The power consumed by a bulb is related to its resistance and voltage. Since both the 100-W and 25-W bulbs are made for the same voltage, their resistances must be different. Let's denote the resistance of the 100-W bulb as $R_{100}$ and the resistance of the 25-W bulb as $R_{25}$.

The power consumed by a bulb can be written as:

$P = \frac{V^2}{R}$

where $P$ is the power, $V$ is the voltage, and $R$ is the resistance.
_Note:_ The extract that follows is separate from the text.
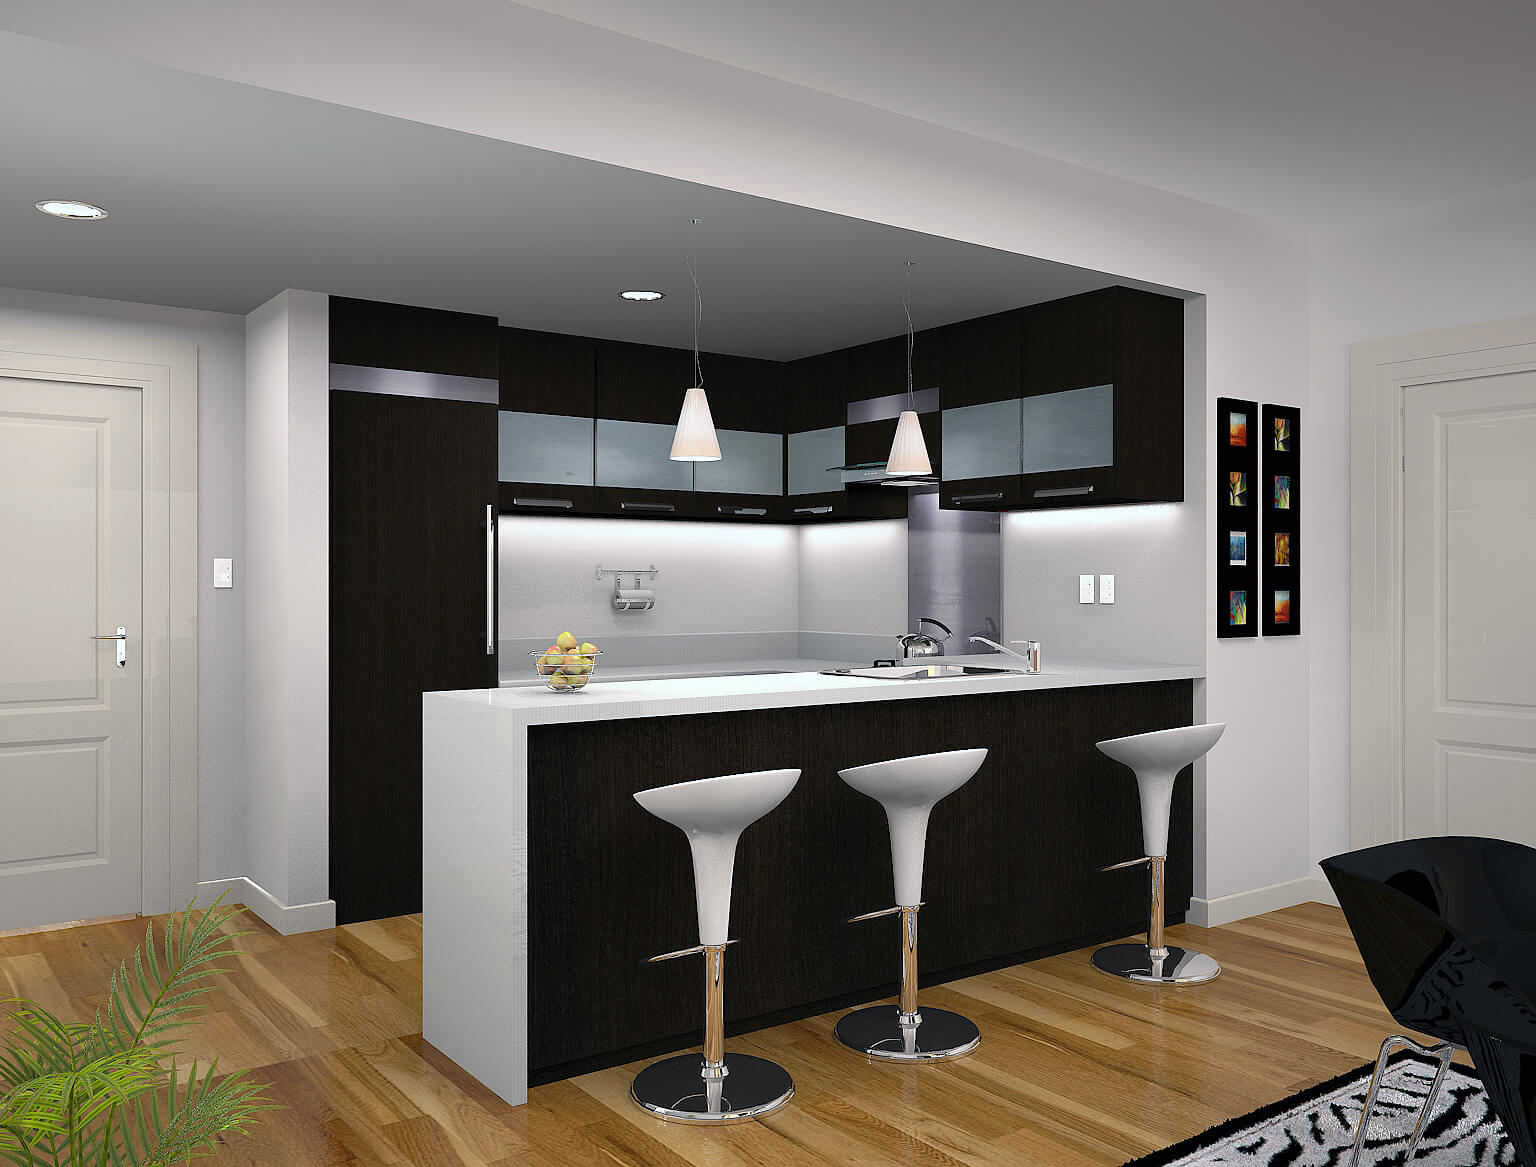 kitchen design idea for condos

Since the filaments of the bulbs are made of the same material and have the same length, the resistance is directly proportional to the length of the filament and inversely proportional to the cross-sectional area of the filament. Let's denote the diameter of the 25-W bulb as $d_{25}$ and the diameter of the 100-W bulb as $d_{100}$.

The cross-sectional area of the filament is proportional to the square of its diameter. Therefore, we can write:

$R_{100} = k \cdot \frac{l}{(d_{100})^2}$

$R_{25} = k \cdot \frac{l}{(d_{25})^2}$

where $k$ is a constant and $l$ is the length of the filament.

Since the bulbs are made for the same voltage, we can write:

$\frac{V^2}{R_{100}} = \frac{V^2}{R_{25}}$

Substituting the expressions for $R_{100}$ and $R_{25}$ and simplifying, we get:

$\frac{(d_{100})^2}{(d_{25})^2} = \frac{100}{25}$

$\frac{d_{100}}{d_{25}} = \sqrt{\frac{100}{25}} = \sqrt{4} = 2$

So, the ratio of the diameter of the 100-W bulb to that of the 25-W bulb is 2:1.

The correct answer is option (C) : 2:1